Where Do You and Your Ancestors Fit in This Picture
Immigration and Trump-Pence vs. the Public's Best Interest
The New Man at The Center of The Old Fire Storm
Quite a long post, but needs to be said. Re: The following is from the NY Times … eye opener Trump would not have much state or local support to help him “deport” 2-3 million immigrants that he described in his 60 Minutes interview with Stahl (see his quote below):
During the 60-minutes interview Trump softened on his stance to secure the border with a much-ballyhooed wall, but he renewed his campaign pledge to kick out undocumented immigrants — starting with those who have committed crimes.
“What we are going to do is get the people that are criminal and have criminal records, gang members, drug dealers, where a lot of these people, probably 2 million, it could be even 3 million, we are getting them out of our country or we are going to incarcerate. But we’re getting them out of our country, they’re here illegally.” Then he said added the punch line: “After that we secure the border and make a determination on the millions of others here illegally.”
THIS IS NOT NEW POLICY – CURRENTLY IT IS WHAT WE DO. Mr. Obama’s record on illegals:
When it comes to getting tough on immigration, Republican candidates talk the talk, but Obama walks the walk. President Obama has removed or returned NOT “deported” more people than any U.S. president before him, and almost more than every other president combined from the 20th century.
Immigration-flow numbers are staggering in both directions. In 2014, it’s estimated that more than 200,000 Central Americans tried to immigrate to the United States without documentation. The Obama government has been deporting them as fast as it can.
Since coming to office in 2009, Obama’s government has removed or returned NOT “deported” more than 2.5 million people — that is up 23% from the George W. Bush 8 years. More precisely, Mr. Obama is now on pace to removed or return NOT “deport” more people than the sum of all 19 presidents who governed the United States from 1892-2000 and that is according to official government data (122 page report FYI).
NOW THE POLITICAL STUNTS: The use of the word “deportation.” In actuality, that word and category has been obsolete in immigration law since 1996.
Prior to 1996, immigration law distinguished between immigrants who were “excluded,” or stopped and prevented from entering U.S. territory, and those who were “deported,” or expelled after they had made their way into U.S. territory.
After 1996, both exclusion and deportation were rolled into one procedure called “removal.” At that point, the term “deportation” no longer had any meaning within the official immigration statistics.

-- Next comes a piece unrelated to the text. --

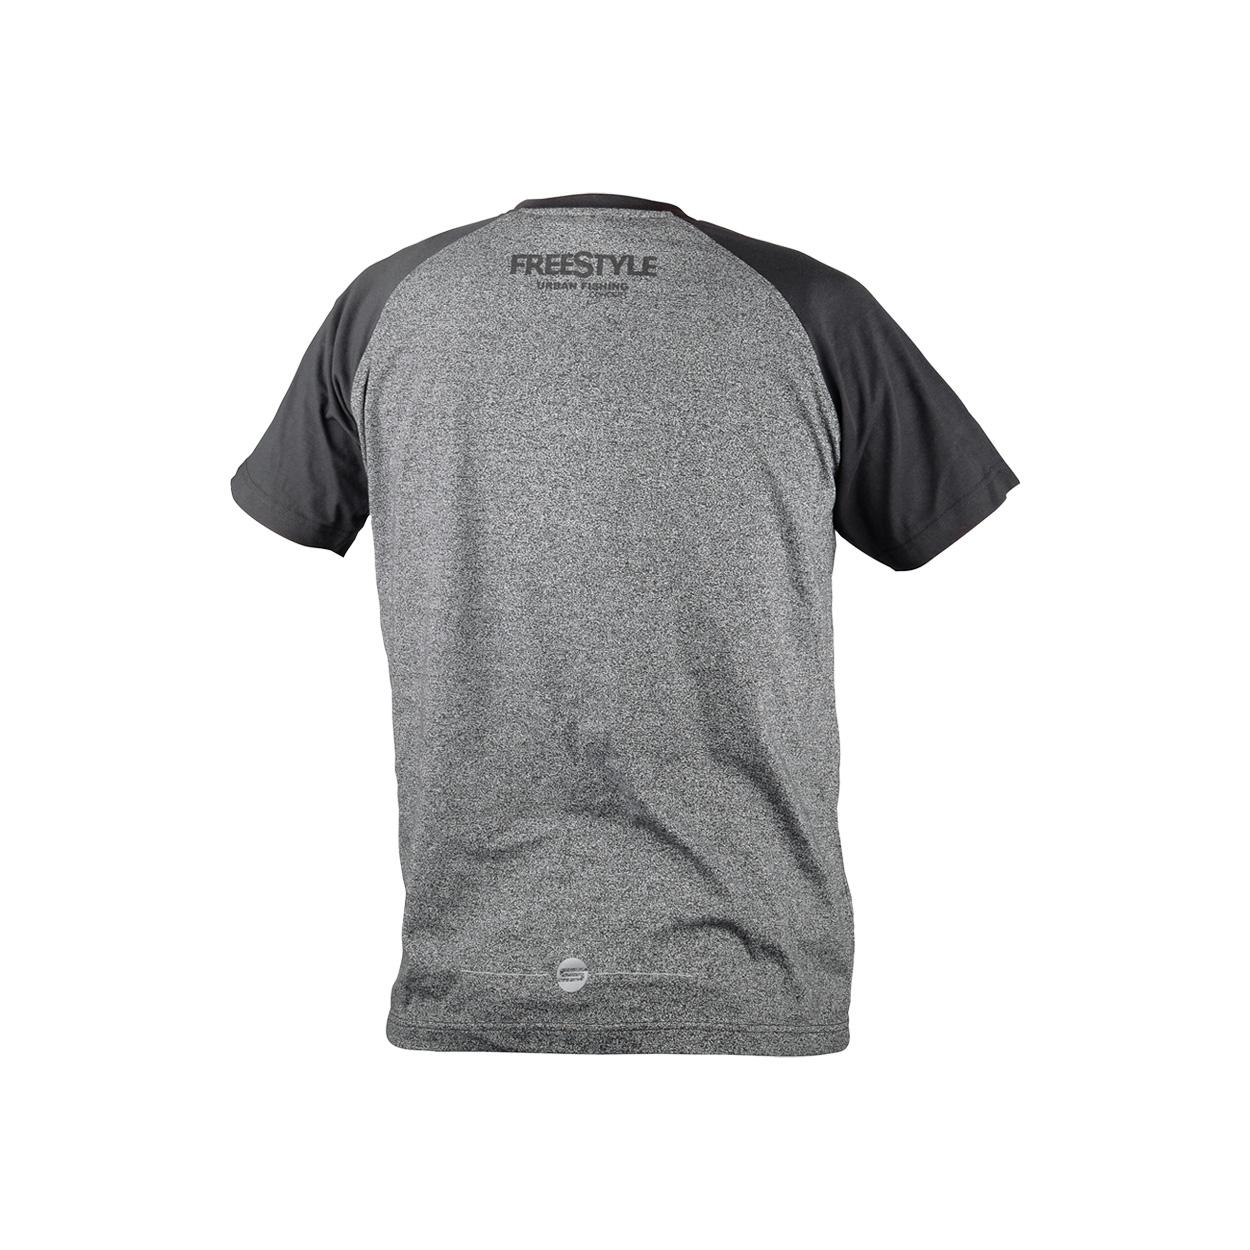 Freestyle - T-Shirt - Grey 02

Its continued use in media reports is part of the confusion and political raw meat sound-bites (sounds strong and decisive).
The large number of immigrants who are apprehended, usually but not exclusively along the southwestern border, and prevented from entering the country were part of a category called “voluntary departure” before 2006. Now that is called “return,” which also includes the subcategory of “reinstatement.” There is also a large category of “expedited removals” of persons that do not appear before an immigration judge but the procedure carries all the sanctions as a judge ordered removal.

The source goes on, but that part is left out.